This episode of CS is titled, Luther’s Struggle.
As we saw last time, Luther’s situation after appearing before Emperor Charles V at the Diet of Worms didn’t look hopeful. The majority of officials there decided to apply the papal bull excommunicating Luther and removing his protection. Some of the nobles knew they could incur the Pope’s favor by taking matters into their own hands and assassinating the troublesome priest. But the German prince Frederick the Wise, one of the Emperor’s most important supporters, arranged to air-quotes à “kidnap” Luther on his way back to Wittenberg. He secreted Luther to his castle at Wartburg under an assumed identity. Now in hiding, Luther used the time to translate the NT from Greek into a superbly simple German Bible. He finished it in the Fall of 1522 and followed it up with an OT translation from Hebrew. This took longer and wasn’t finished till 1534. The completed Bible proved to be no less a force in the German-speaking world than the King James Version was later to be in the English sphere, and it’s considered one of Luther’s most valuable contributions.

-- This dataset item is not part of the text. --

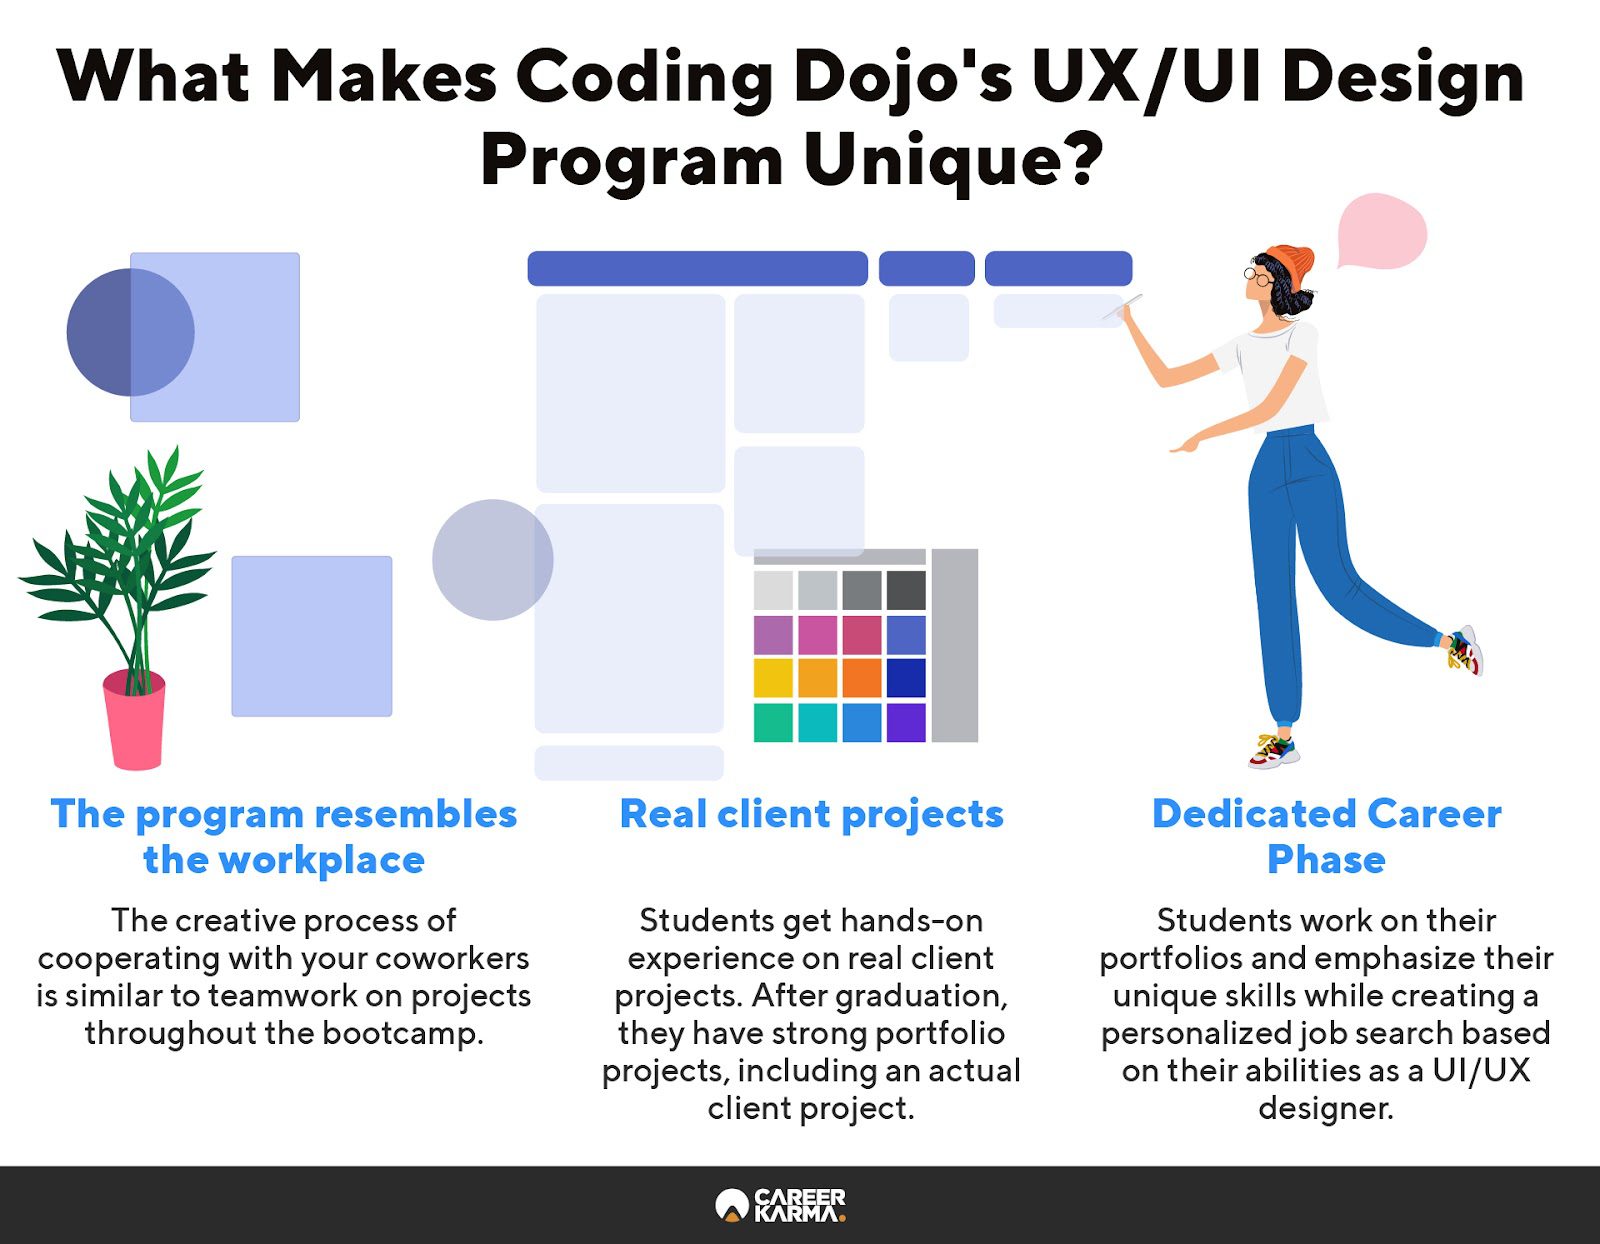 An infographic showing what makes Coding Dojo’s UX/UI Design program unique

The revolt against Rome sparked by Luther’s list tacked to the castle church door at Wittenberg began to spread. In town after town, priests and town councils removed statues from churches and abandoned the Mass. More priests and monks stepped forward, adding their voice to the call for reform, many more radical than Luther. More importantly, an increasing number of civil officials decided to back Luther in defiance of the Emperor and Pope.
By 1522, it was clear to Luther he could safety return to Wittenberg and put into practice the reforms he was convinced the Church needed to install. What he did there became the model for a good part of Germany. He abolished the office of bishop because he couldn’t find it in Scripture. Local churches needed pastors who were servants, not a religious royalty.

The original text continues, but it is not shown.